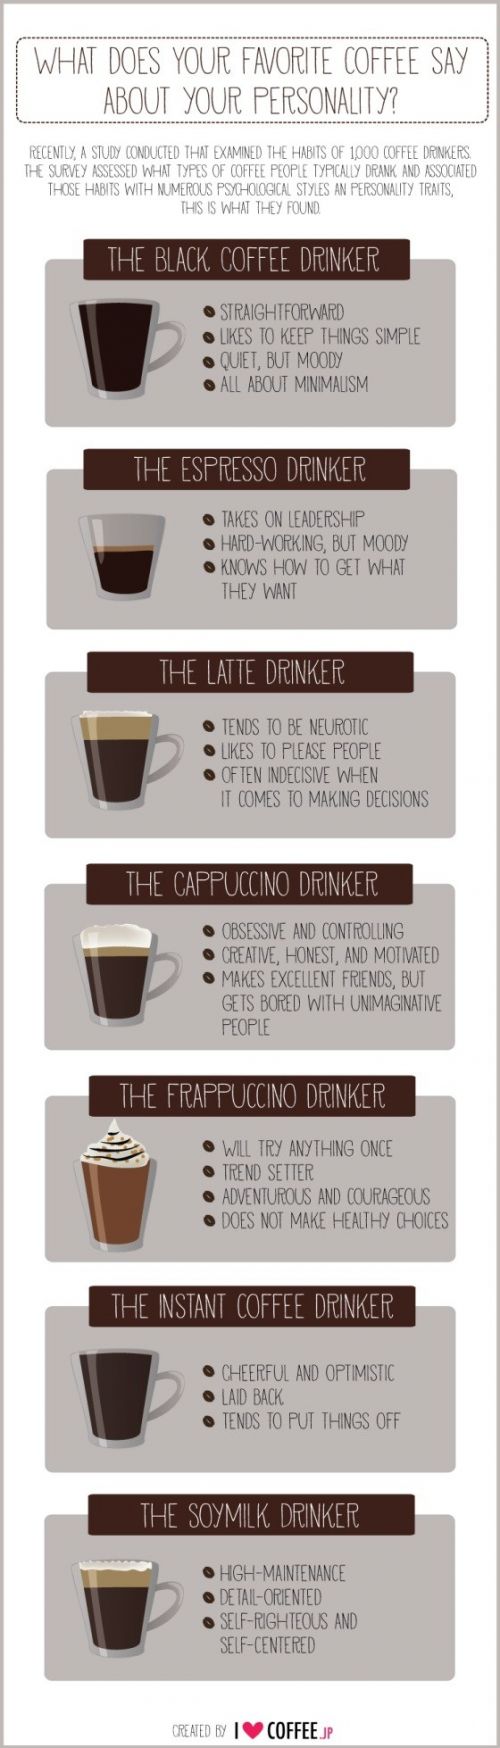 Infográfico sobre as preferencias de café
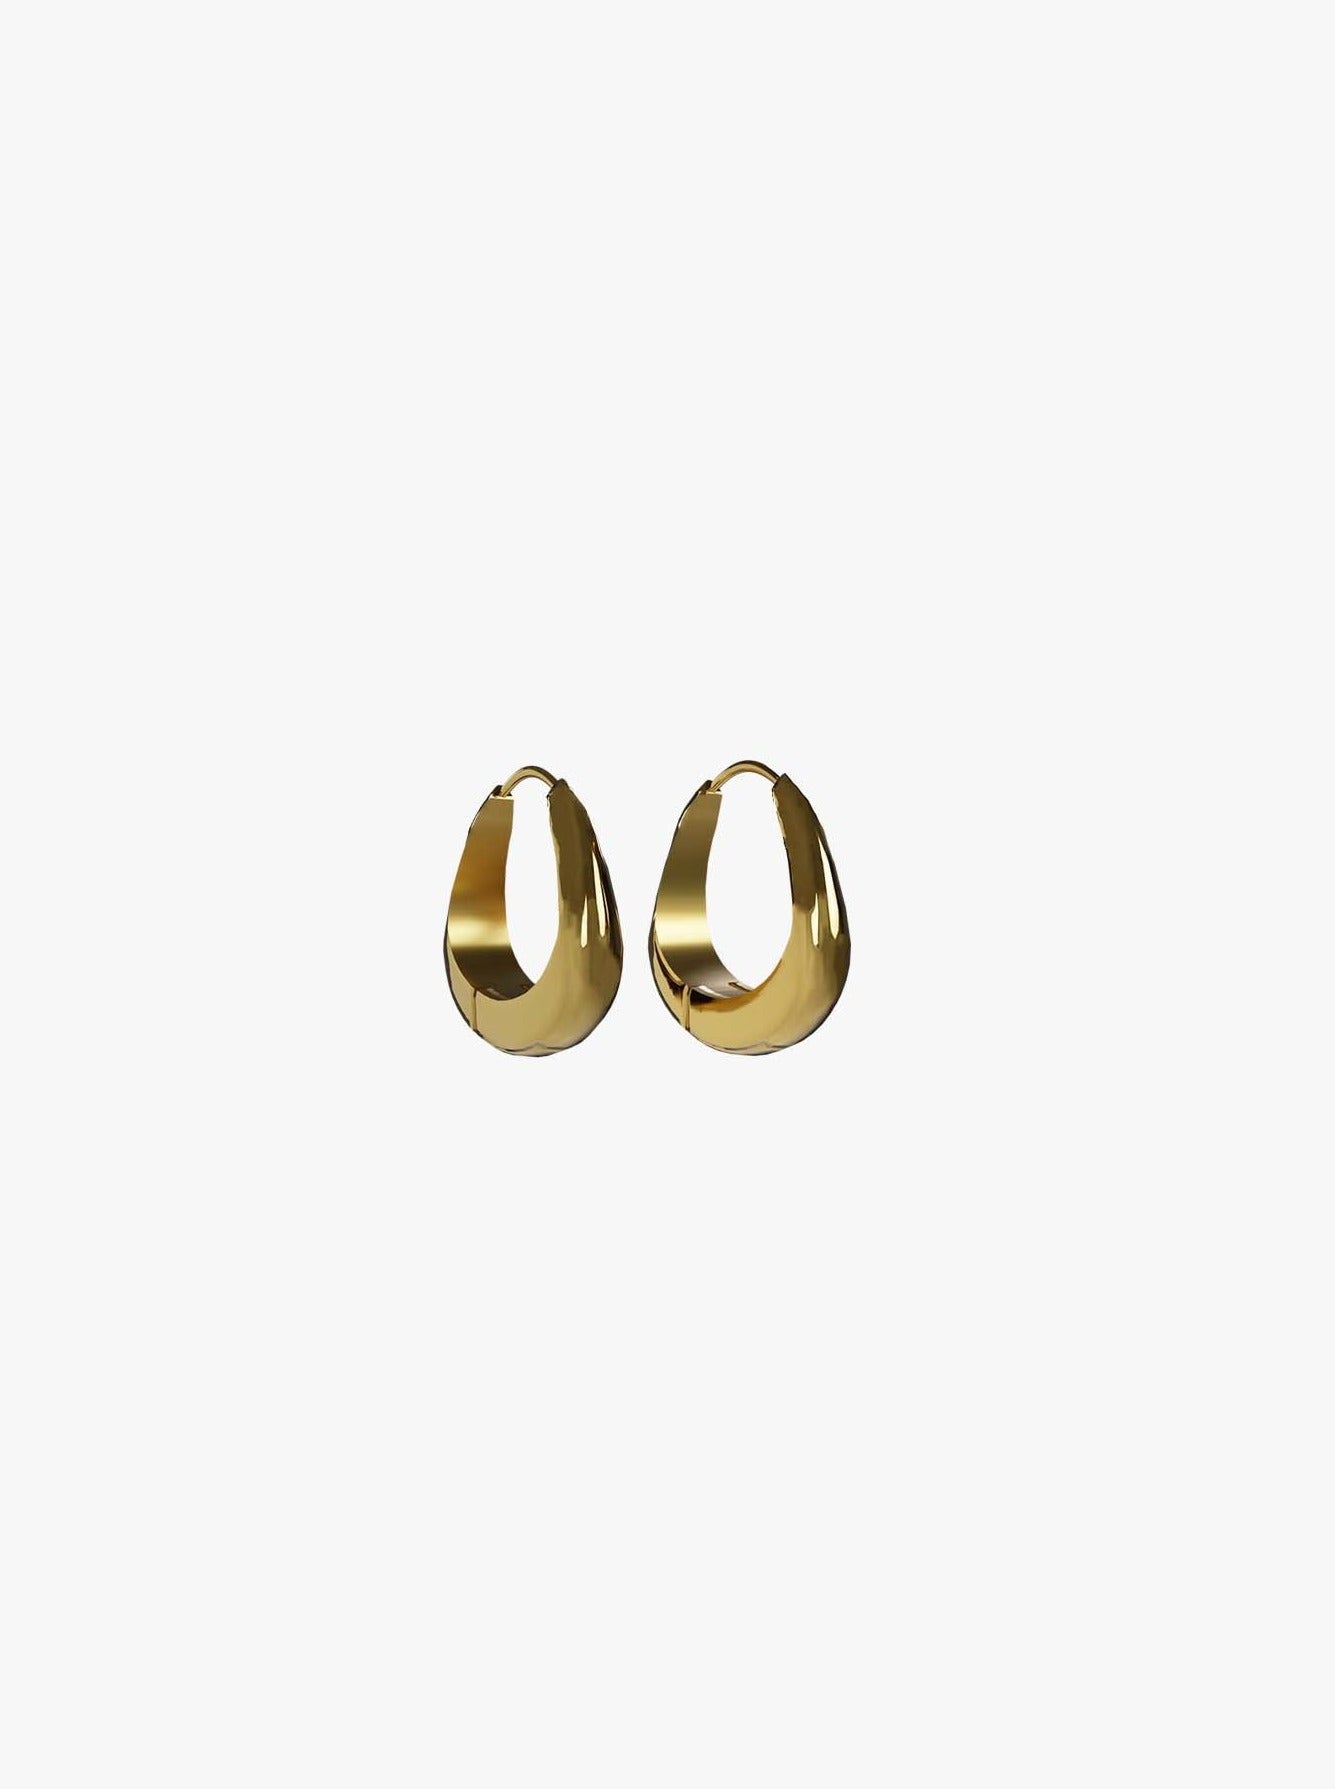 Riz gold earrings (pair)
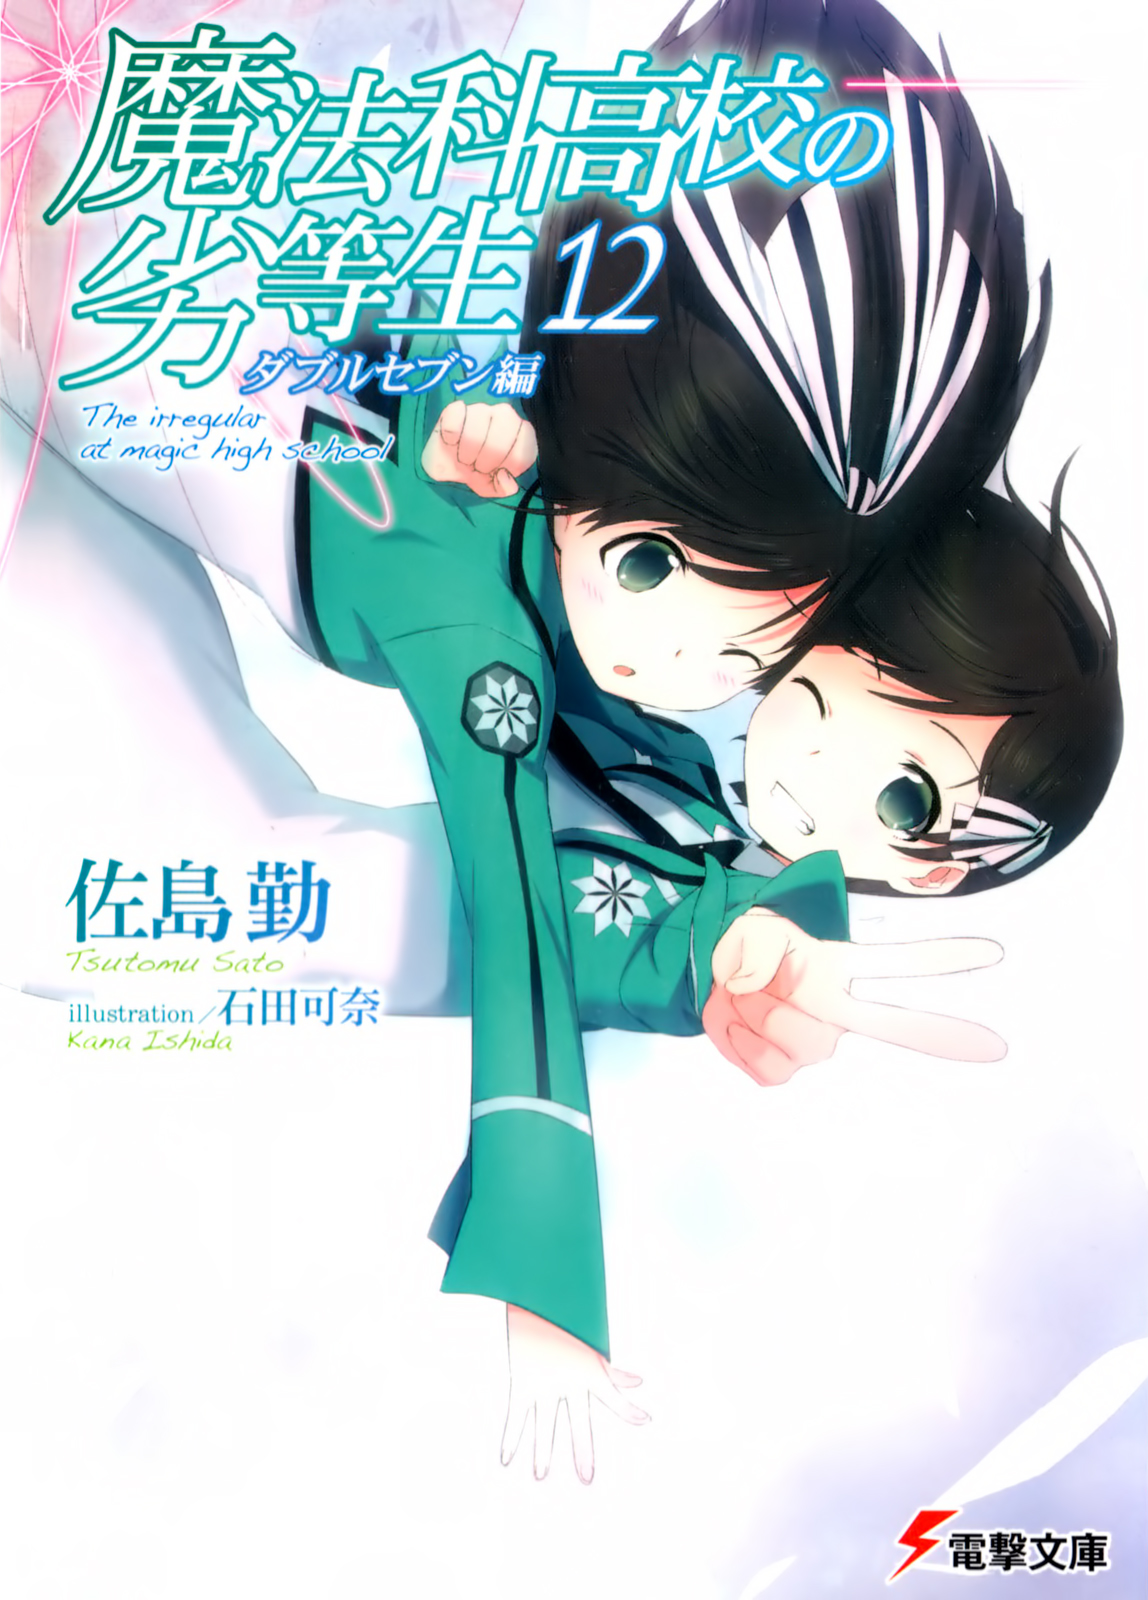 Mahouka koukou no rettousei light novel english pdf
■ ■ ■ ■ ■ ■ ■
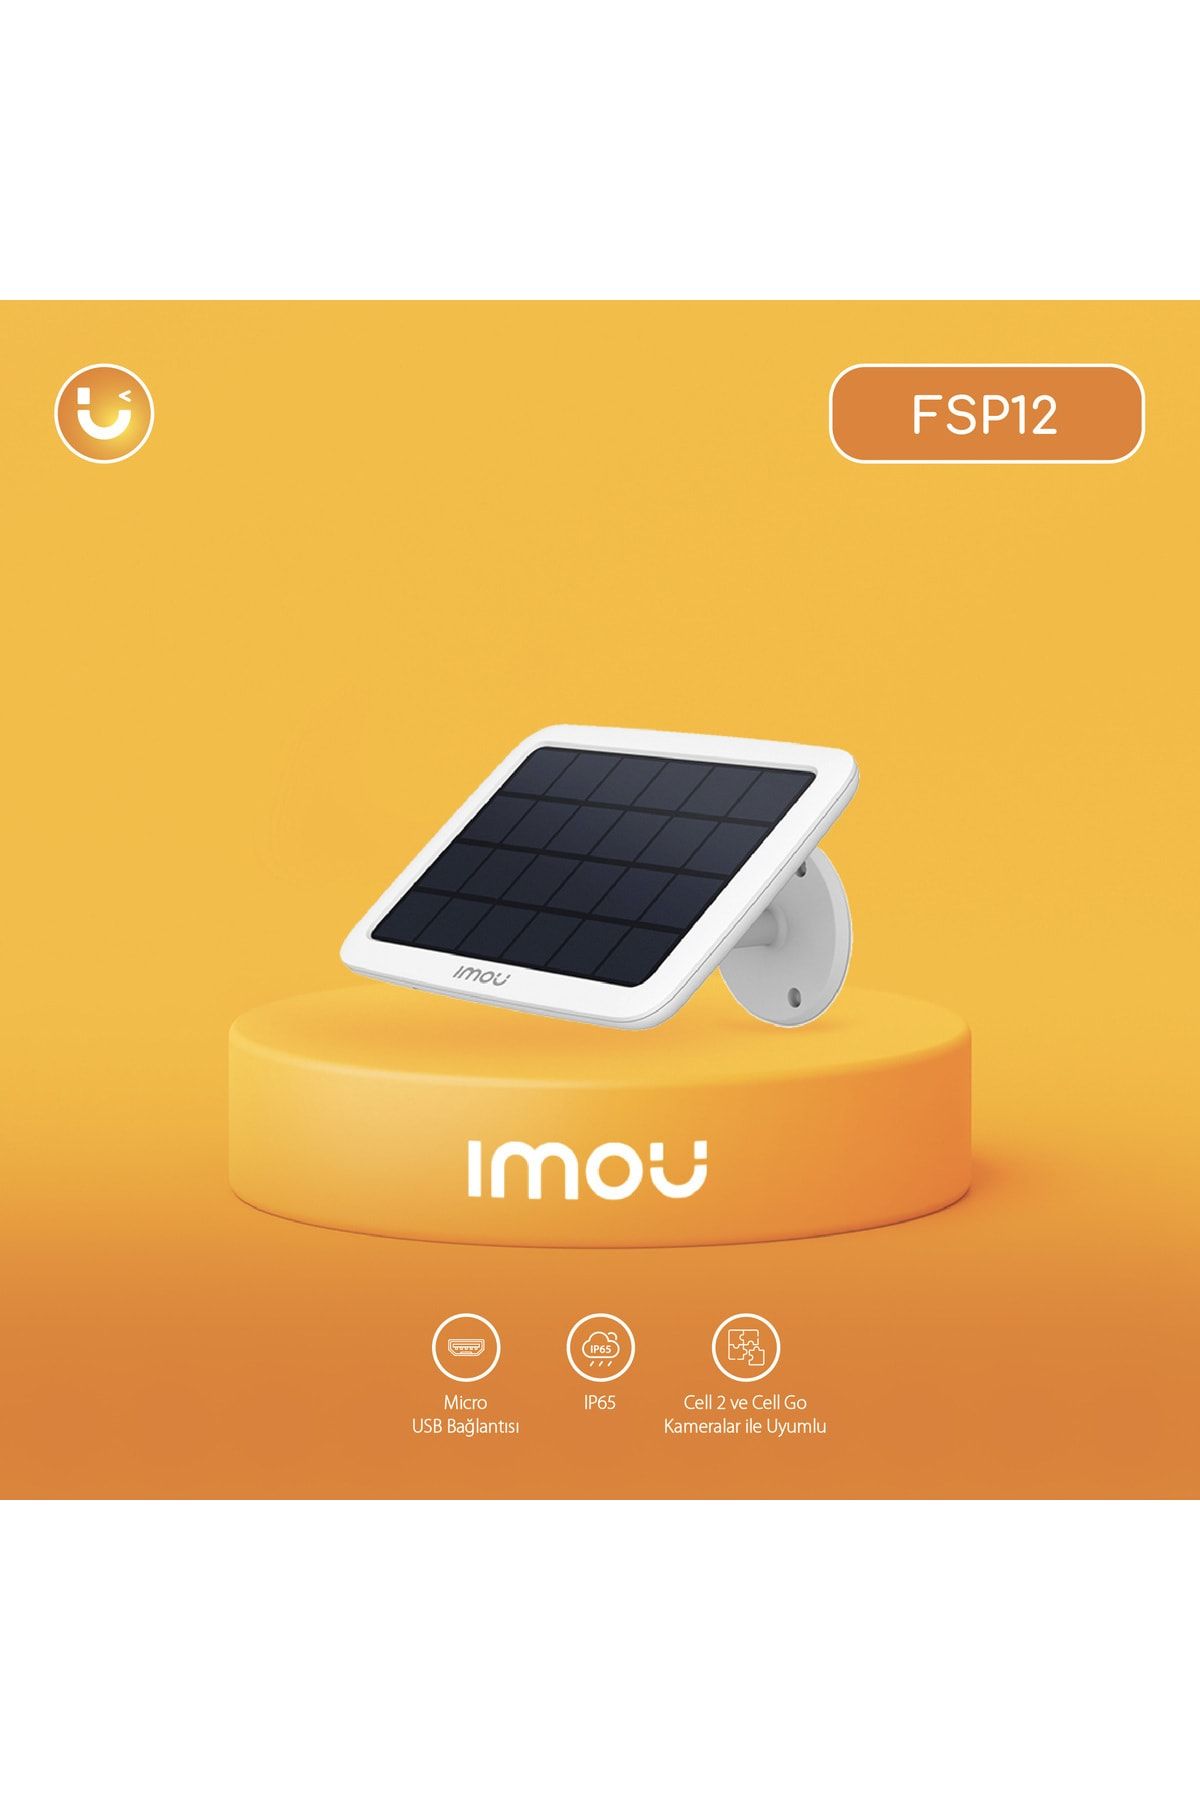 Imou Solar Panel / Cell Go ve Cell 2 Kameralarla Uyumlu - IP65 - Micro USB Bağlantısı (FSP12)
■ ■ ■ ■ ■ ■ ■
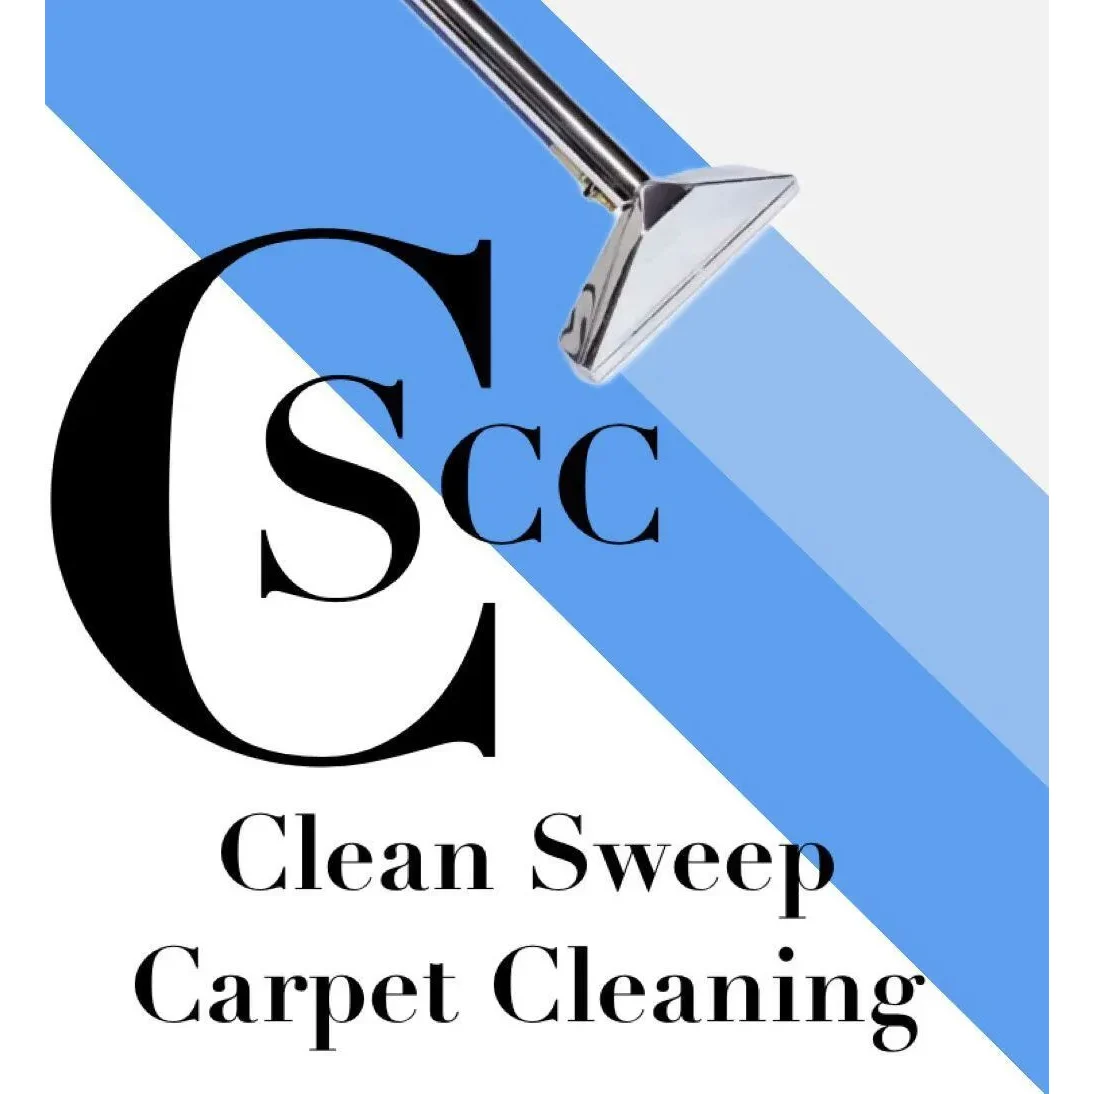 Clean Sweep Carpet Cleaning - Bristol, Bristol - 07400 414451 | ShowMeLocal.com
■ ■ ■ ■ ■ ■ ■
• **What to produce**
Retype only the lines above from the one with "Infográfico sobre as preferencias de café" through the one with "Mahouka koukou no", exactly and with both ends. Images stay out.

• **Exercise answer**
 Infográfico sobre as preferencias de café
 Riz gold earrings (pair)
 Mahouka koukou no rettousei light novel english pdf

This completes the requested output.